Di zaman kepemimpinan Soeharto, status Yogyakarta sebagai Daerah Istimewa sempat akan dihapuskan. Tak ada polemik berarti dalam masyarakat kala itu, mengingat pemerintahan dipegang oleh rezim anti demokrasi. Reaksi hanya muncul secara merangkak, yakni percikan ketegangan yang terjadi di kalangan elit. Hamengkubuwono IX pun memilih mengunci mulutnya saat berada di depan publik. Adanya kompromi di tingkat elit itulah, membuat status keistimewaan DIY tetap terjaga. Ibarat bom waktu, ledakan penggembosan status keistimewaan DIY kembali berulang di masa periode kedua pemerintahan SBY. Seperti diketahui, DIY sebagai daerah istimewa pada prinsipnya diatur dalam UUD’45 pasal 18 yang dalam praktiknya diatur dengan Undang-Undang. Tapi ironisnya, pemerintah pusat sendirilah yang mengingkari semangat UUD’45.

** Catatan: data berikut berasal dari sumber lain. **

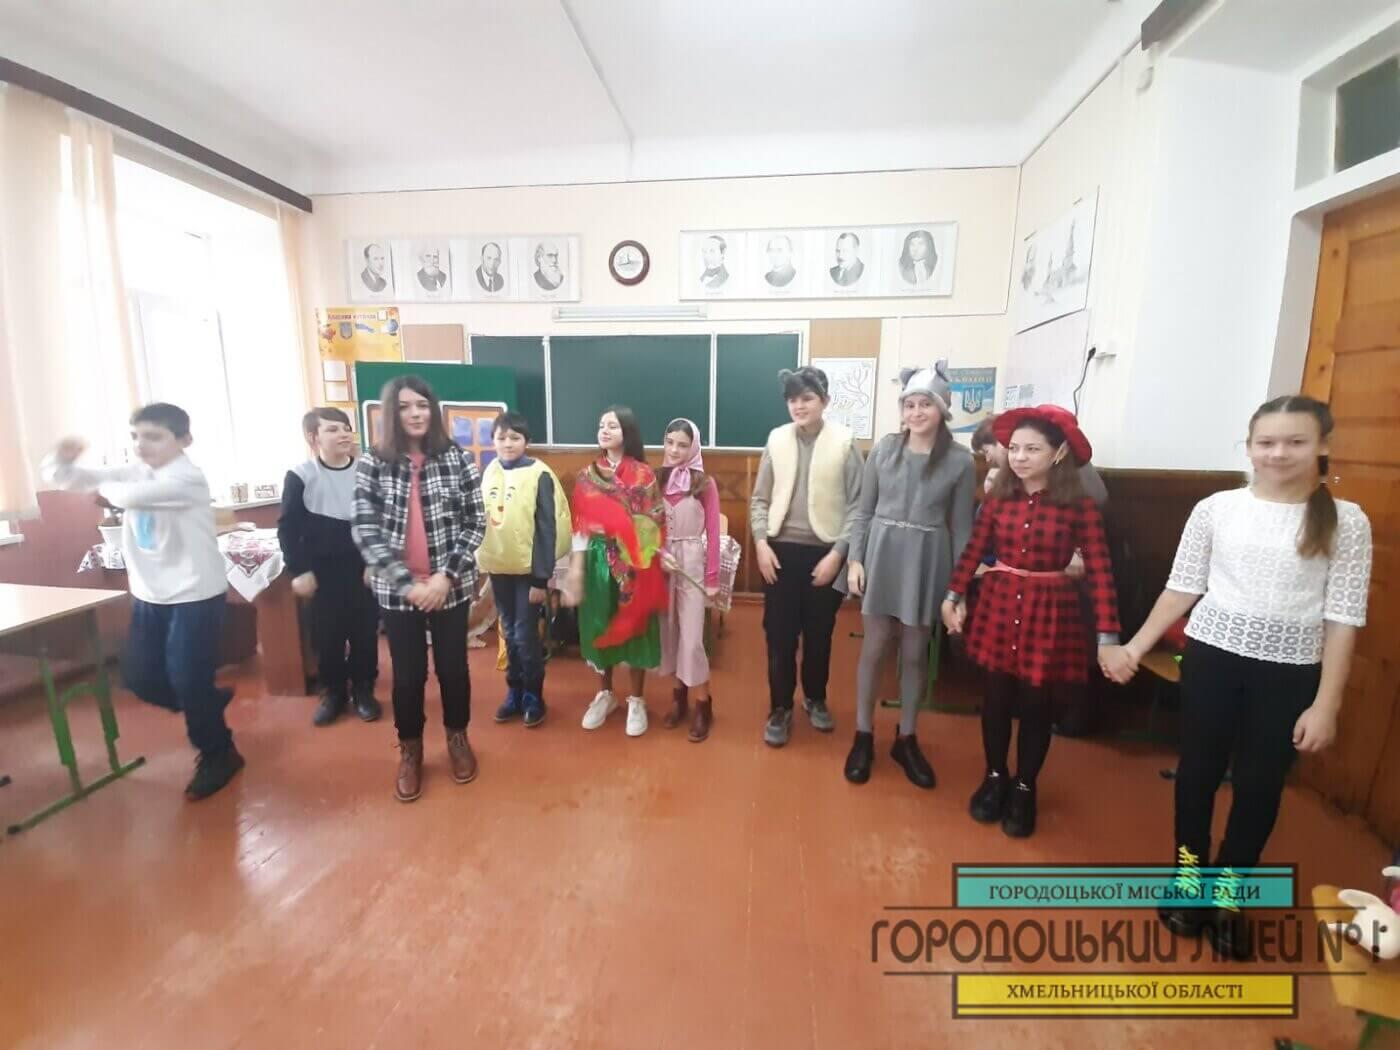 zobrazhennya viber 2020 12 28 21 43 02 1400x1050 - Театральний гурток «Сяйво»

Membaca ulang sejarah Yogyakarta, membuat kita bertanya-tanya kembali. Apakah ada agenda besar di balik polemik ini? Dua kali wilayah istimewa ini digoncang isu yang sama, secara mendadak, tanpa wacana berarti yang ditiupkan sebelumnya. Seolah-olah menggerogoti ketenangan Yogyakarta secara frontal.

Buku ini mengajak kita semua untuk membuka kembali lembaran sejarah mengenai berbagai kesepakatan yang pernah terjadi antara founding father Indonesia dengan Sri Sultan HB IX. Mari berpikir dengan bijak, berdialektika dengan tenang, dan merumuskan sesuatu dengan cerdas. Vox Populi Vox Dei. Suara Rakyat adalah Suara Tuhan.